What is expected
Only one stretch of the records below should be repeated. It starts with the line containing "Angulus - High-leg" and goes on through the line containing "Ryanair conectará Castellón", exactly as written.

---- Records provided

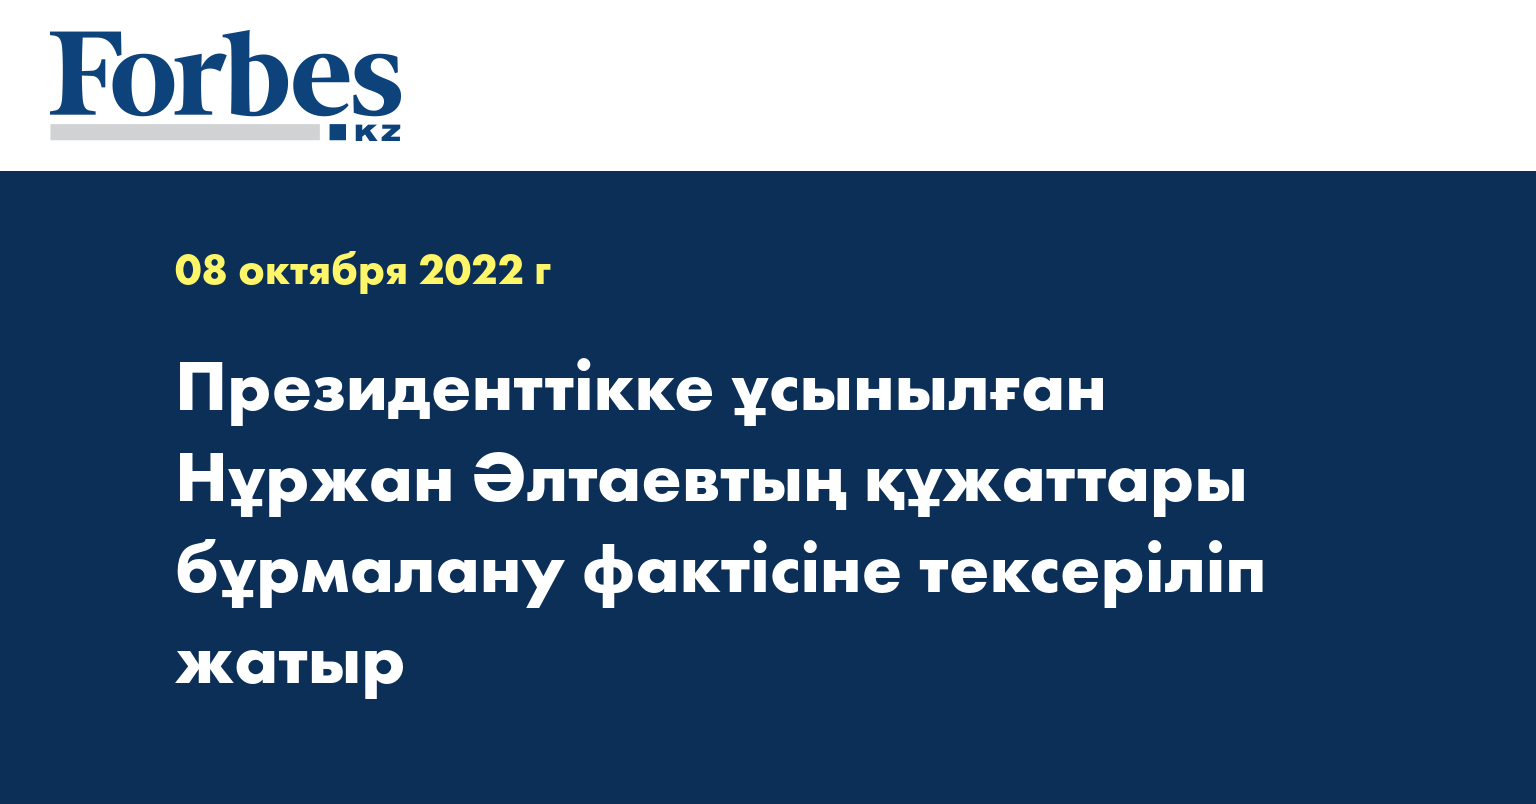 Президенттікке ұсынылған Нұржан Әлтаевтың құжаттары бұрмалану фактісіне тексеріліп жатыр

--------
---- Records provided

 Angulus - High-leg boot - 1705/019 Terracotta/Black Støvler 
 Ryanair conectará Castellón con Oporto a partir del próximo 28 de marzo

--------

Exercise output
 Angulus - High-leg boot - 1705/019 Terracotta/Black Støvler 
 Ryanair conectará Castellón con Oporto a partir del próximo 28 de marzo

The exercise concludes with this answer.